Sarilumab and adalimumab differential effects on bone remodelling and cardiovascular risk biomarkers, and predictions of treatment outcomes

Efficacy endpoints included the following: proportion of patients achieving ≥ 20/50/70% improvement according to American College of Rheumatology criteria (ACR20/50/70), Clinical Disease Activity Index (CDAI) ≤ 2.8, CDAI ≤ 10, DAS28 using CRP (DAS28-CRP) or DAS28-ESR < 2.6 and DAS28-CRP or DAS28-ESR < 3.2.

PROs evaluated in the study were previously described for the overall intent-to-treat (ITT) population [17] and, evaluated as change from baseline at week 24, included Patient Global Assessment of disease activity visual analogue scale (VAS), Health Assessment Questionnaire-Disability Index (HAQ-DI), pain VAS, Functional Assessment of Chronic Illness Therapy (FACIT)-Fatigue, morning stiffness VAS, rheumatoid arthritis impact of disease (RAID) score and Medical Outcomes Study Short-Form (36-item) Health Survey (SF-36) physical (PCS) and mental (MCS) component summary scores, which include the physical functioning, role-physical, bodily pain, general health, vitality, social functioning, role-emotional and mental health domains.

Patients were selected for this biomarker analysis if they had been randomized and treated with sarilumab or adalimumab during the double-blind period and had provided written informed consent for future use of samples, with a serum sample drawn pre-dose (baseline) and evaluable (biomarker population). Serum samples were collected and stored frozen at baseline and post-treatment through week 24 from 307 patients in the ITT population (sarilumab, n = 153; adalimumab, n = 154).

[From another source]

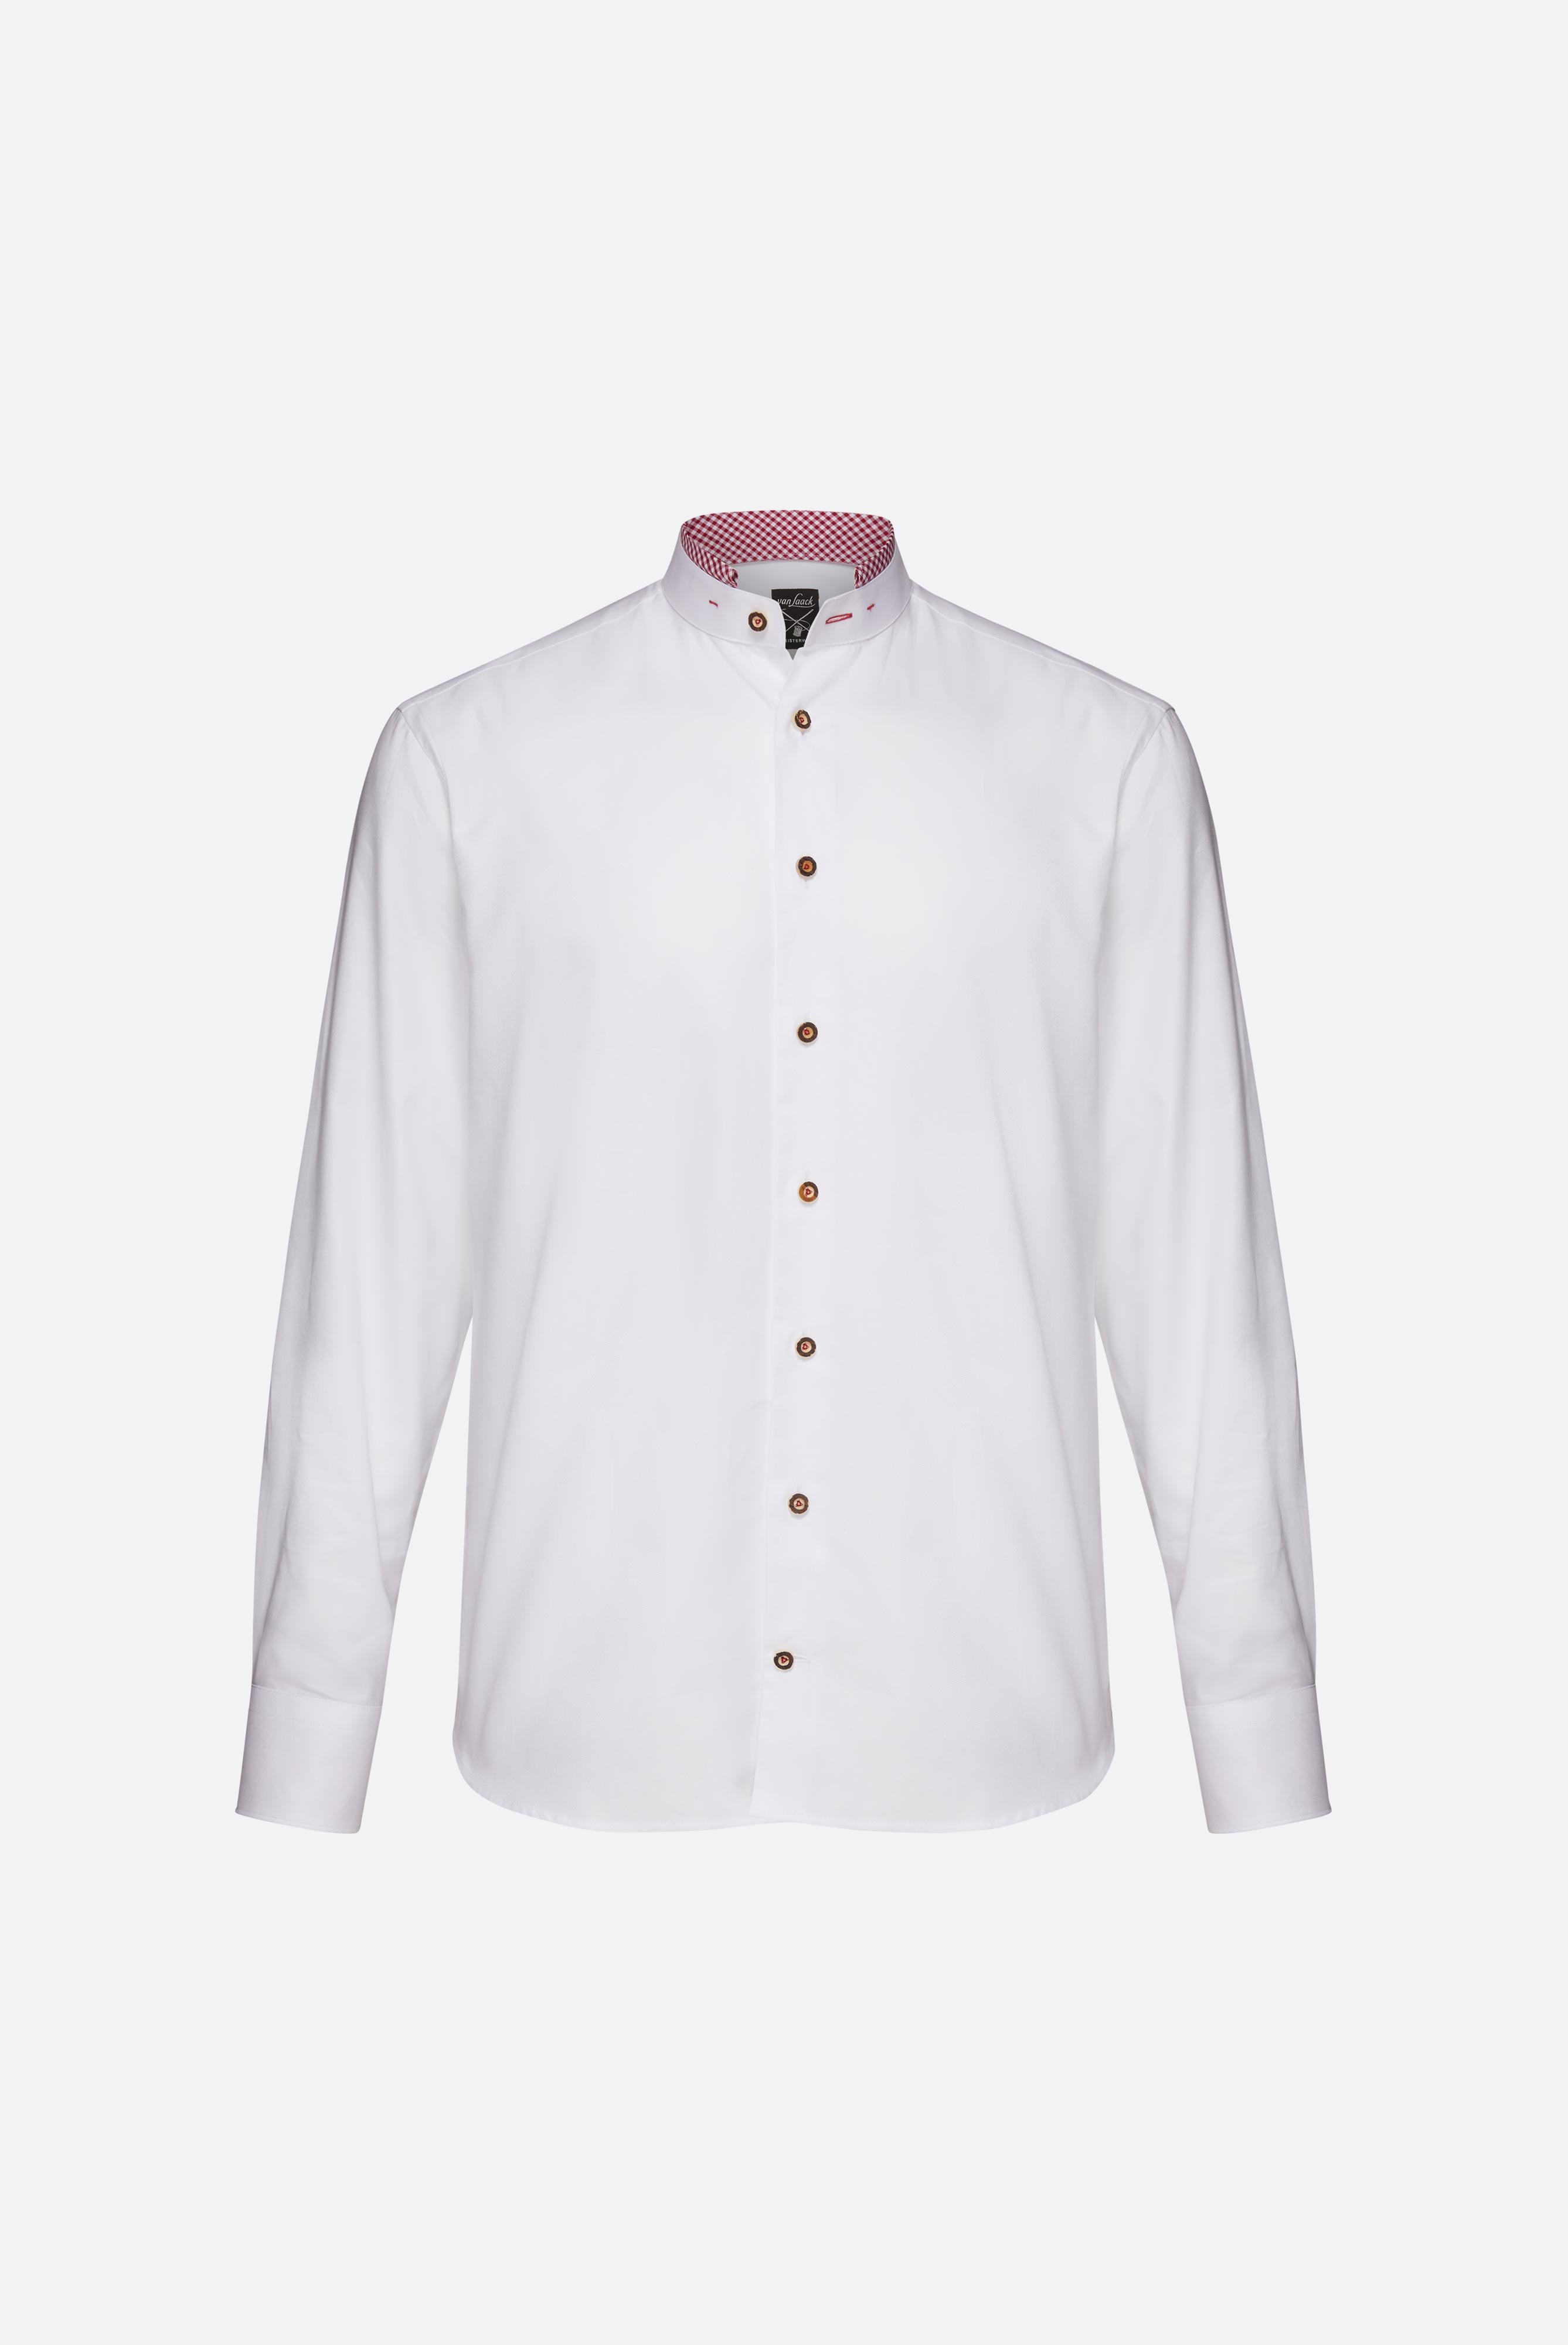 Oxford Tradtional Shirt with coloured detail

Biomarkers were analysed retrospectively (except CRP) at one or two post-baseline timepoints through week 24 (Table S1). Timepoints selected for analysis were based on either previous data following sarilumab treatment [18, 19] or on literature suggesting either acute or latent effects of RA therapy on specific markers. The assay characteristics for most biomarkers have been described previously [18].

Baseline biomarker levels were compared between treatment groups using a Wilcoxon test. Spearman’s ranked correlations at baseline were computed in the overall biomarker population.

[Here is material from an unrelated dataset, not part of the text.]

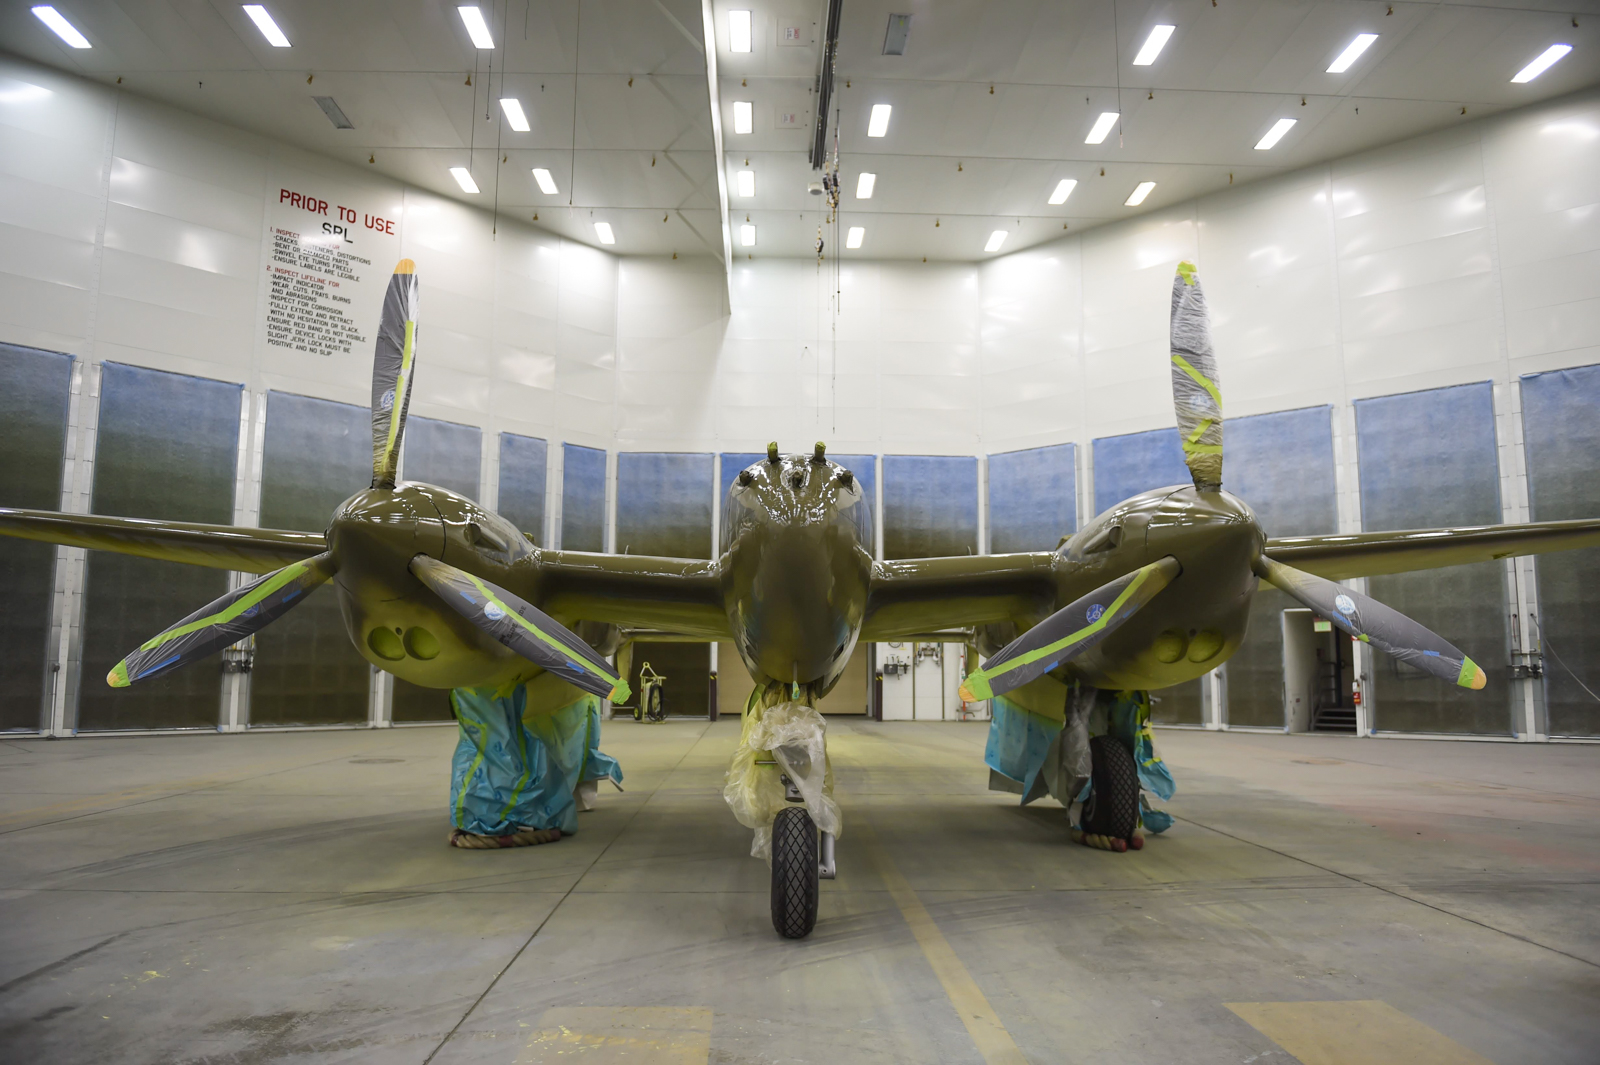 The P-38G Lightning sits inside Hangar 21 at Joint Base Elmendorf-Richardson, Alaska, July 20, 2017. The Lightning has been under restoration since August 2016. This particular P-38 saw action in World War II with the 54th Fighter Squadron in the Aleutians, where it crashed on Attu Island on Jan. 1, 1945. The P-38G Lightning is the only G model in existence and is one of fewer than 30 P-38s remaining in the world. (Photo By: Staff Sgt. Sheila deVera)

To evaluate pharmacodynamic changes in circulating biomarker concentrations between treatment groups at each timepoint, absolute and percentage changes from baseline were described. In addition, the percentage changes in biomarker concentrations were analysed using non-parametric methods because of non-normal distributions. For biomarkers measured once post-baseline, a rank-based analysis of covariance (ANCOVA) adjusted on baseline value was implemented. For biomarkers measured twice post-baseline, a mixed-effect model with repeated measures was performed on rank-transformed data (analysis of variance [ANOVA]-type method), with treatment, visit and treatment-by-visit interaction as fixed effects, baseline biomarker value transformed in rank, and baseline biomarker value transformed in rank-by-visit interaction as fixed covariates, assuming an unstructured covariance structure. The log-transformed RANKL/OPG ratio was analysed using a mixed model for repeated measures with response, visit and response-by-visit interaction as fixed effects, baseline biomarker value and baseline biomarker value-by-visit interaction as fixed covariates, and assuming an unstructured covariance structure separately by treatment group. p values were adjusted for false discovery rate (Benjamini–Hochberg 5% threshold). The number of patients with abnormal biomarker levels at baseline (according to the reference ranges provided by the testing laboratory) that normalized with treatment was compared between groups using a χ² test; nominal p values are reported.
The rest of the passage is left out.